# Engine cover (sound absorber panel) removal difficulity 2008 Jetta 2.5



## RCulpepper (Jan 24, 2010)

I have tried everything I could think of to remove this cover but to no avail.
I have tried to pull up on the corners as described in the Bentley shop manual but it will not budge! 
Any trick I'm not aware of?
I pull with all of my strength and still no luck!


----------



## rustlerdude (Aug 13, 2007)

Drive around for about 5-10 miles until engine gets really hot. Let it sit for a few minutes with the hood closed. Then have a stronger friend yank up on the cover.
I'm scared to ask what you are going to be doing after you remove the cover?


----------



## RCulpepper (Jan 24, 2010)

*Re: (rustlerdude)*

Don't be scared, I've worked on cars for over 30 years. Mostly Nissan.
Its going back to the dealer anyway. 30K miles and skips like crazy. This is the second problem I've had to take it back to the dealer! I think I'm going back to Nissan!


----------



## thygreyt (Jun 7, 2009)

*Re: (RCulpepper)*

the fact that you can remove an engine cover says a lot about you.
then, yes mkv's have some probs, every once in a while... but in this case, i think its actually you...

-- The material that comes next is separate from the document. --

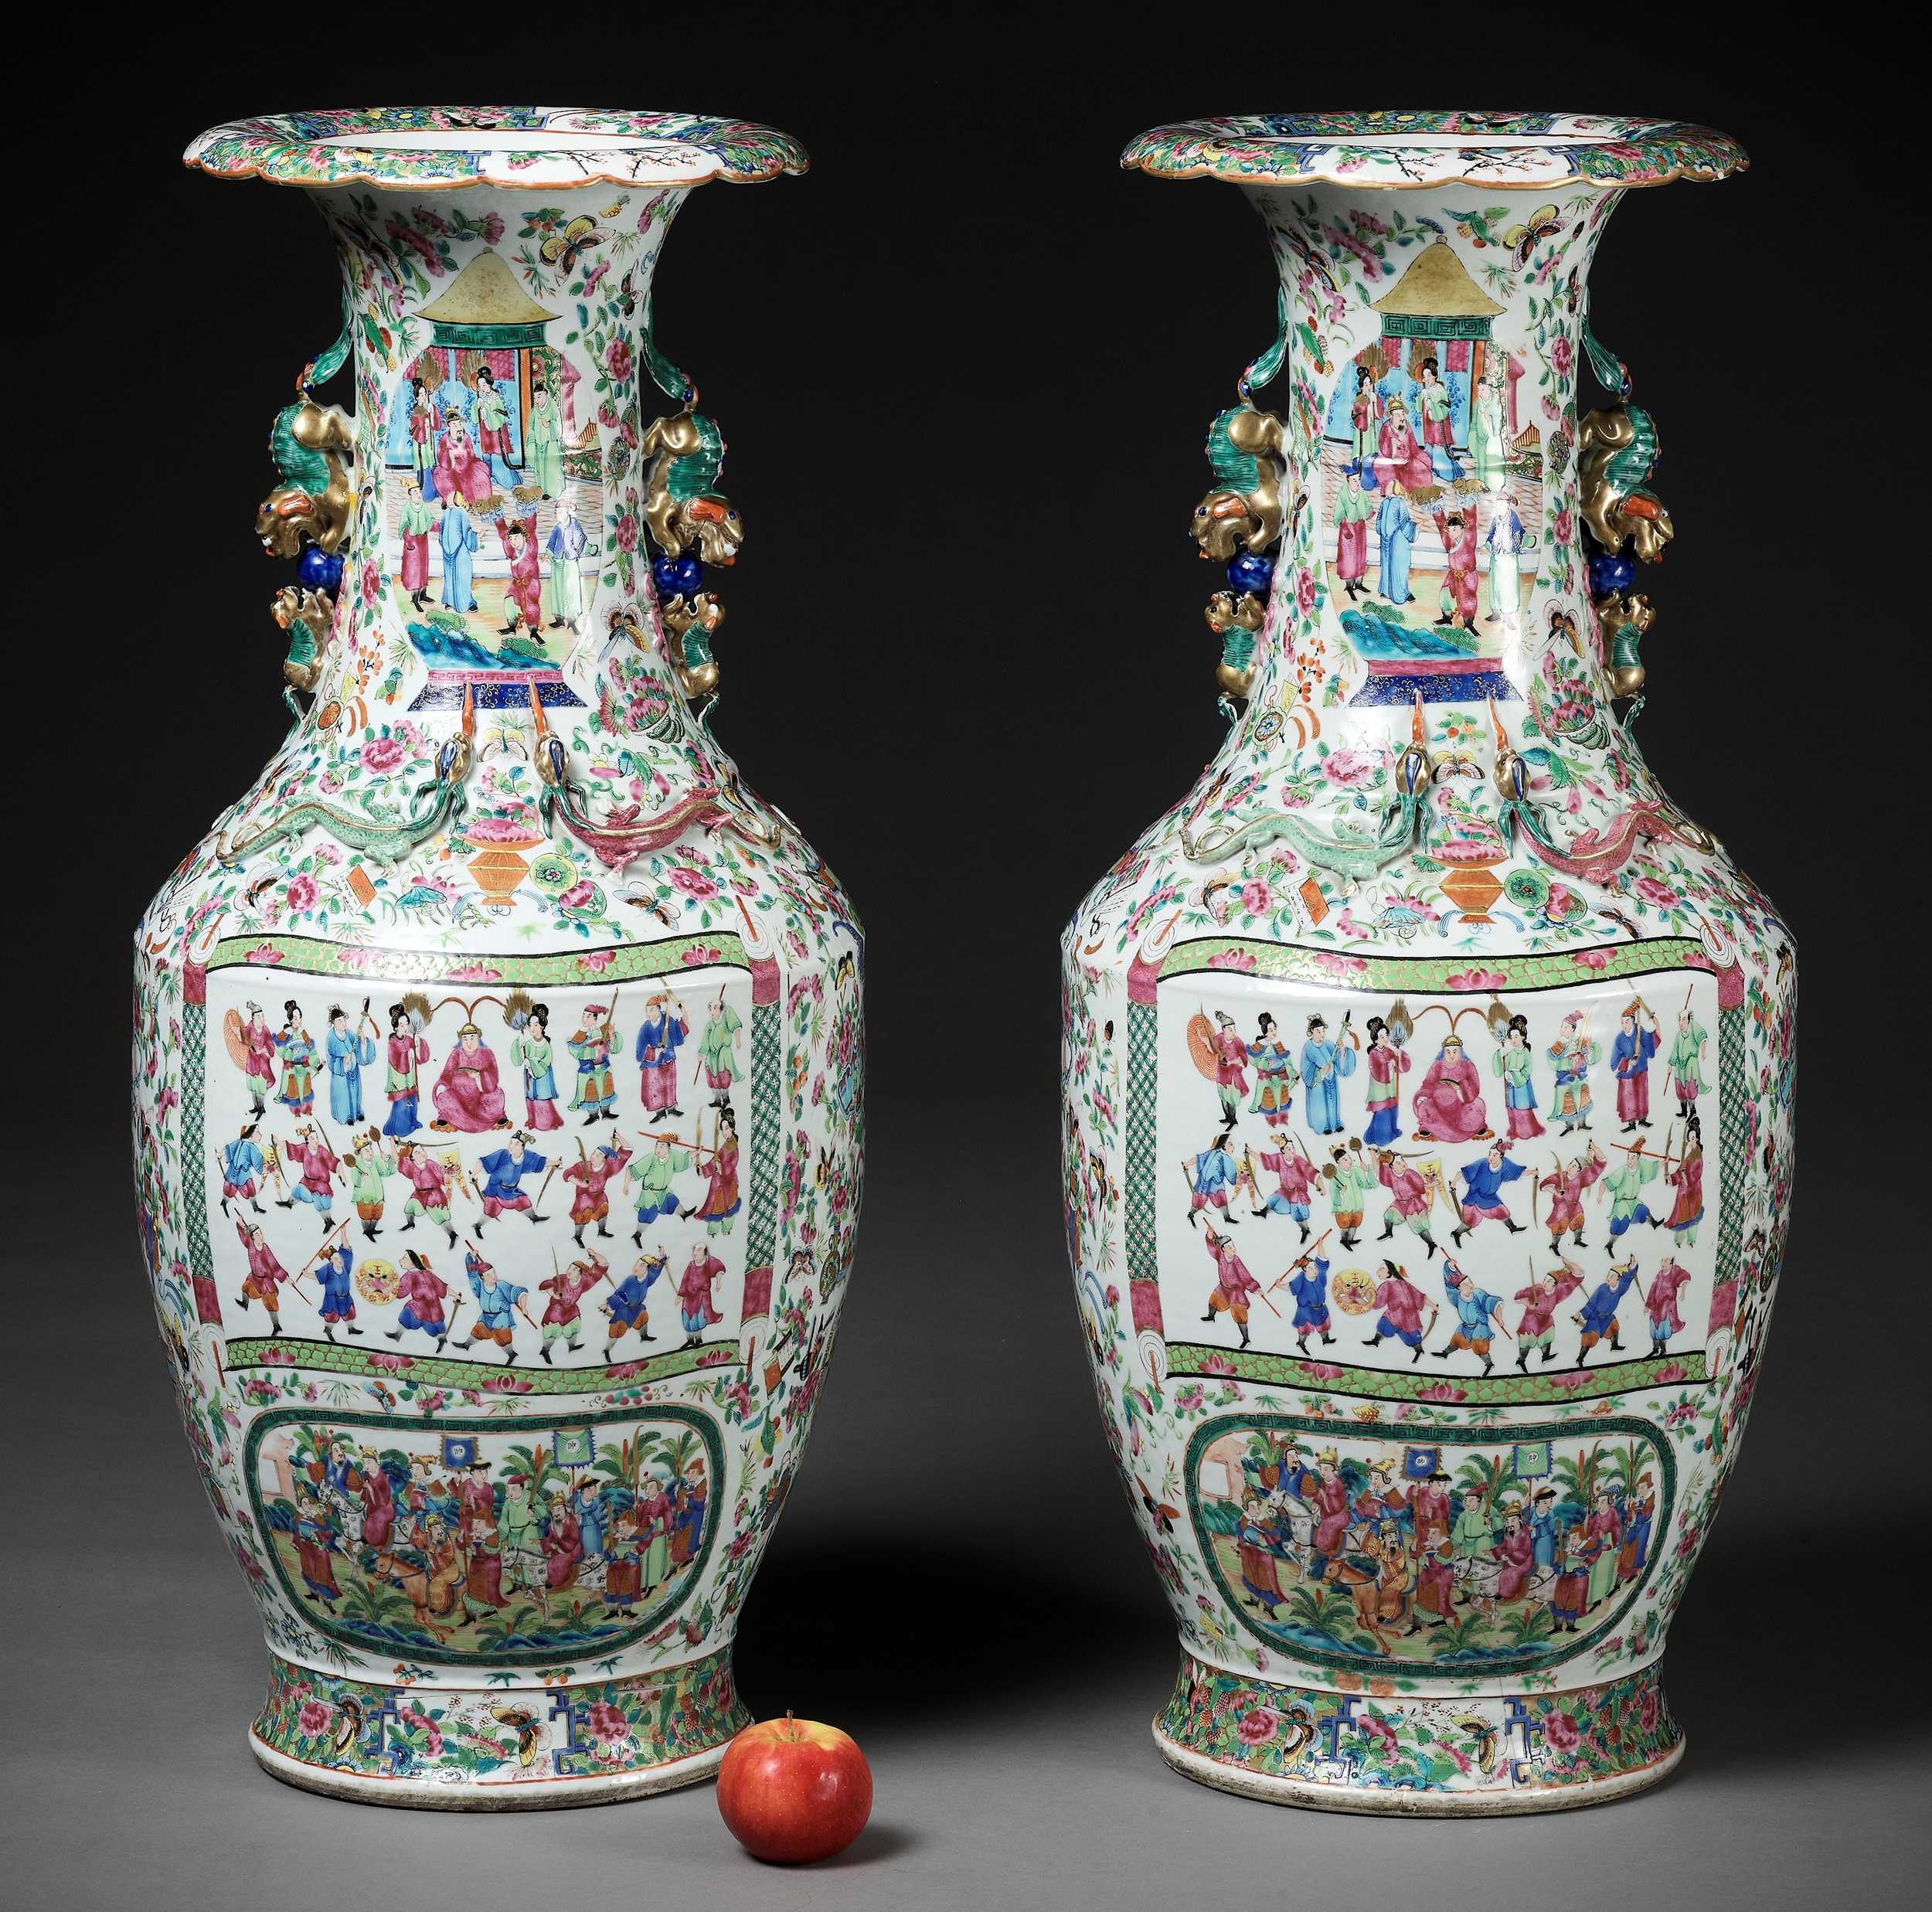 Lot 130 - AN EXCEPTIONALLY LARGE PAIR OF FAMILLE ROSE PALACE VASES, 19TH CENTURY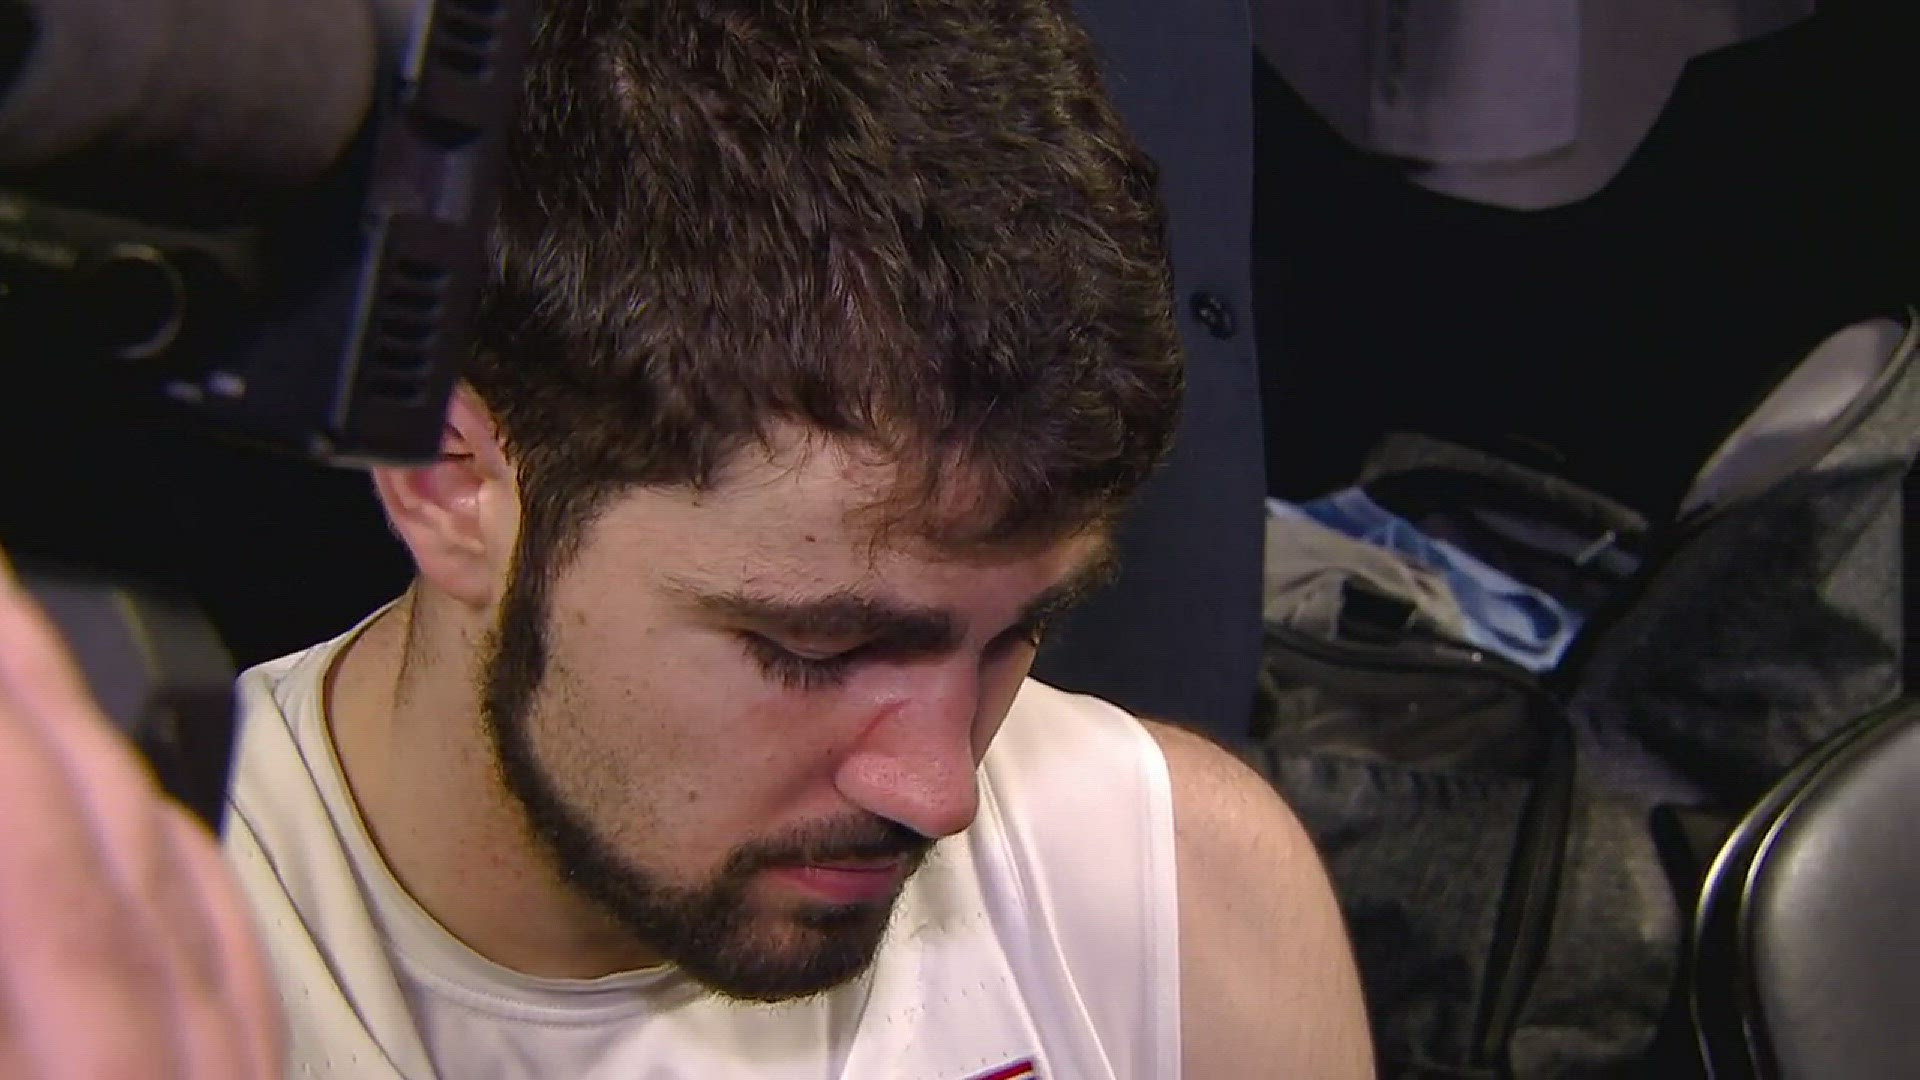 Postgame Interview With UNC's Luke Maye

_Quote, originally posted by *RCulpepper* »_ I think I'm going back to Nissan!


----------



## RCulpepper (Jan 24, 2010)

*Re: (thygreyt)*

Thank You for kind and courteous help


----------



## magics5rip (Mar 17, 2004)

*Re: (RCulpepper)*

Eh, I had trouble with the engine cover the first time I went to do anything on my mkV. And I have a solid 10 years of working on my own cars ( I DID own an mkIII...thats like an accelerated college course in automotive repair.)
Do as someone suggested and get the engine hot, then start in the lower left hand corner and simply pull upwards. May still take some effort, but you'll soon see how the cover is attached http://****************.com/smile/emthup.gif


----------